Butler went out of his way to avoid apportioning blame. However, his rigorous endorsement of John Scarlett, the head of the Joint Intelligence Committee (JIC) and soon-to-be head of MI6, stands out from his failure similarly to support the political operators who, in his words, "put a strain" on the spooks to deliver what they needed to justify a war to which they had long before committed themselves.
Butler talked of "collective" responsibility, but he acknowledged that the Prime Minister was head of that collective. His list of criticisms is long: in translating the very patchy intelligence into the September 2002 dossier, "the limitations of the intelligence underlying the JIC's judgements were not made sufficiently clear", Butler said, concluding this to be a "serious weakness". He added that "more weight was placed on the intelligence than it could bear". The language in the document "went to (although not beyond) the outer limits of the intelligence available". He specifically blamed Blair for telling the Commons when presenting the dossier that the picture painted by the intelligence services was "extensive, detailed and authoritative". It was anything but.
So much for that one particular dossier. In some ways Blair is right that too much attention has been paid to it. Some of the anger comes from those journalists and news organisations that allowed themselves to be sucked in by the hyperbole of the dossier at the time. The same applies to the notorious 45-minute claim that this latest inquiry - the fourth on Iraq - has confirmed to be utterly spurious from start to finish. Butler noted that the number of primary human intelligence sources was "few" and that, as a result, "intelligence reports were mainly 'inferential' ". Britain, as I disclosed in my book, had virtually nobody to rely on inside Iraq since three agents were outed by Saddam Hussein's regime in 1979 and killed.

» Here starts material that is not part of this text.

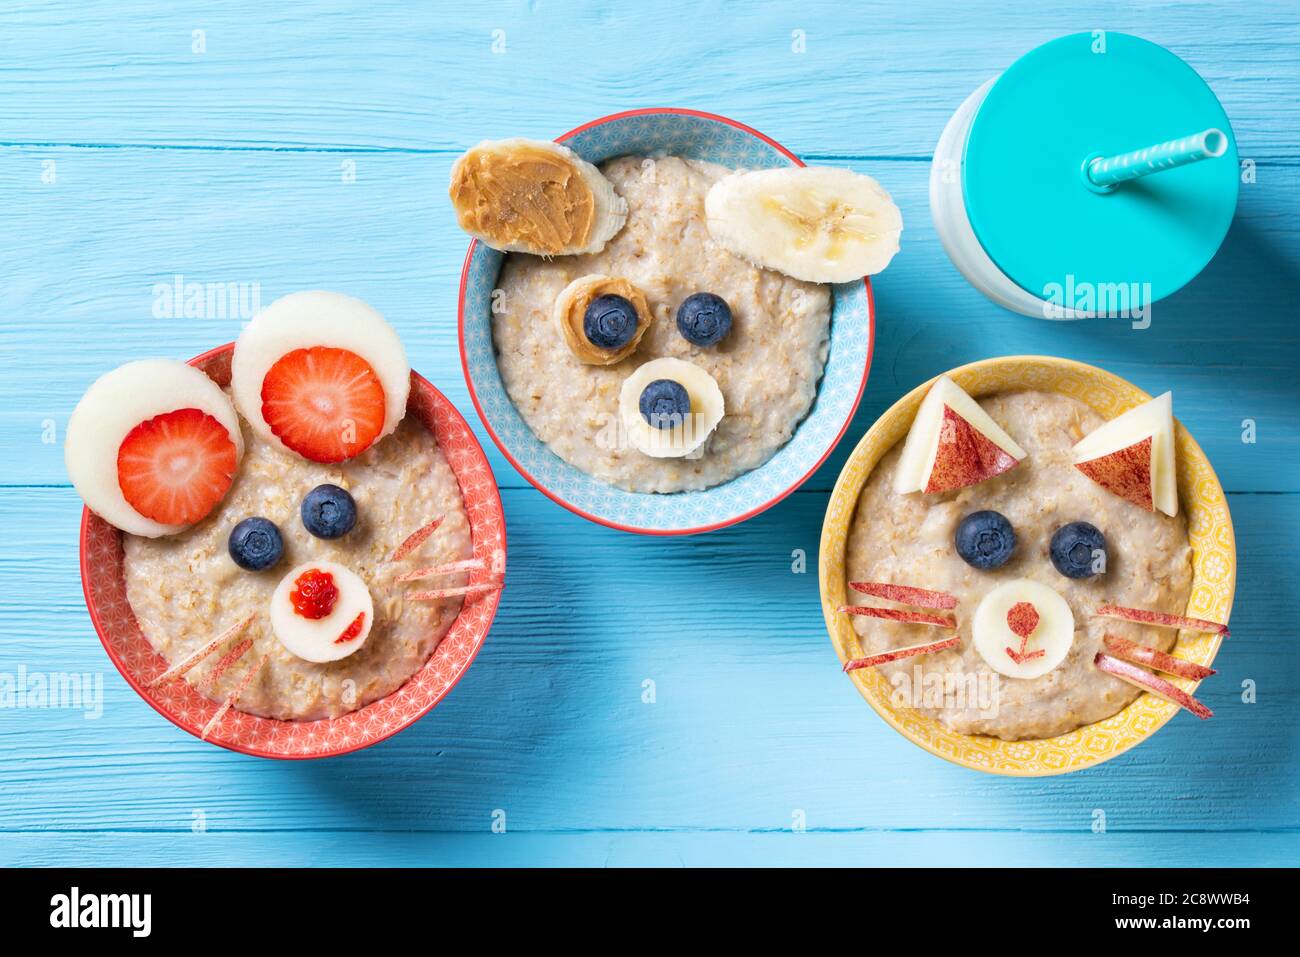 Funny bowls with oat porridge with cat, dog and mouse faces made of fruits and berries, food for kids idea, top view Stock Photo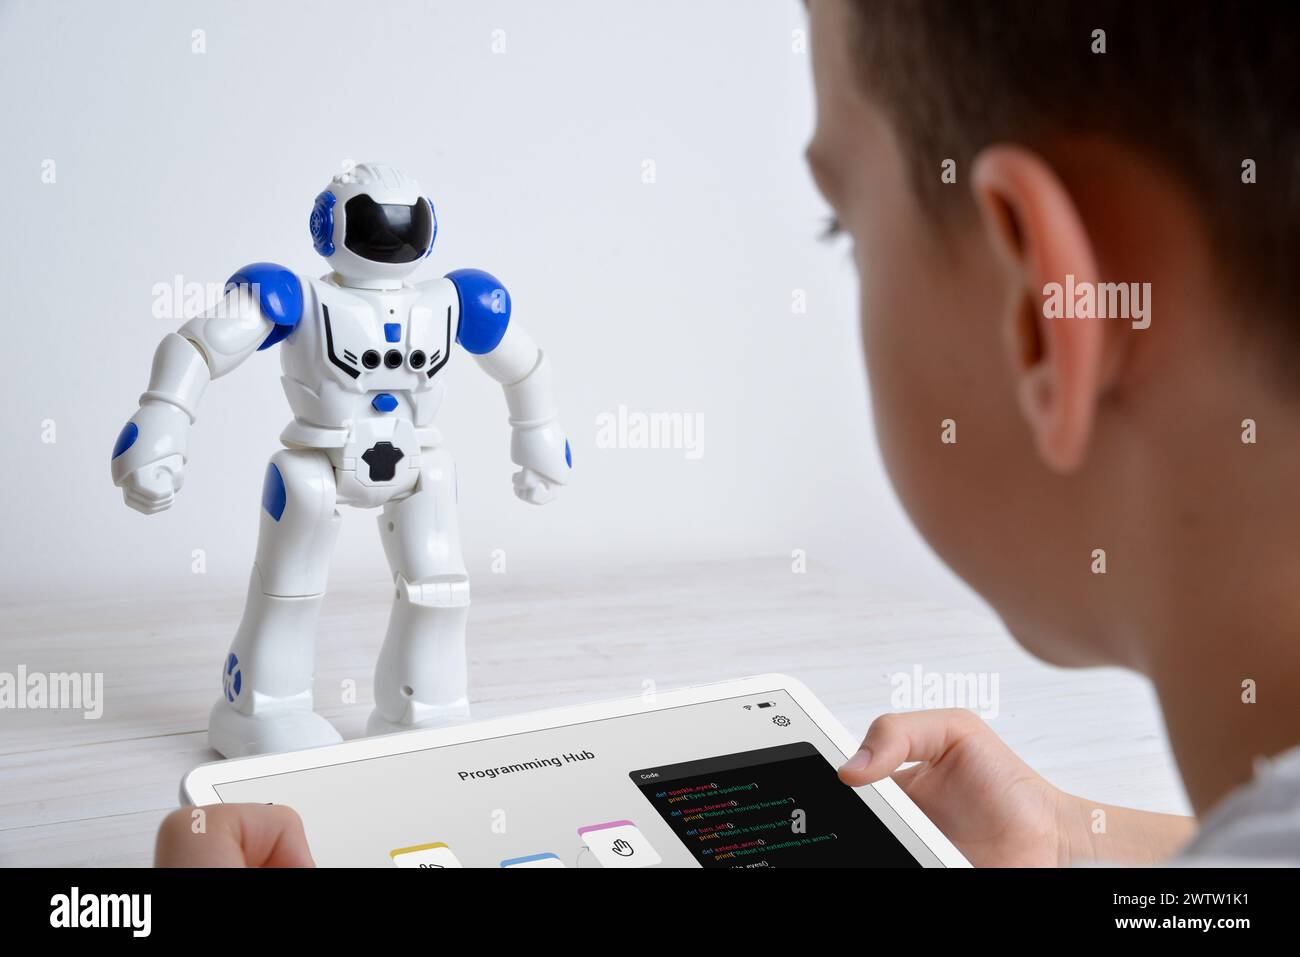 Boy controls robot using tablet on desk. Illustrating education, technology, innovation, and interactive learning experiences in robotics and programm Stock Photo

Blair has continuously asserted that France and Russia, the countries with the best intelligence coverage, shared the British assessment that Iraq's WMD threat was real and growing. This is simply not true. Indeed Butler pointed out that the British government's conclusion in the spring of 2002 that stronger action needed to be taken "was not based on any new development in the current intelligence picture" but merely on assumptions about Saddam's recent behaviour. "There was no recent intelligence that would itself have given rise to a conclusion that Iraq was of more immediate concern than the activities of some other countries."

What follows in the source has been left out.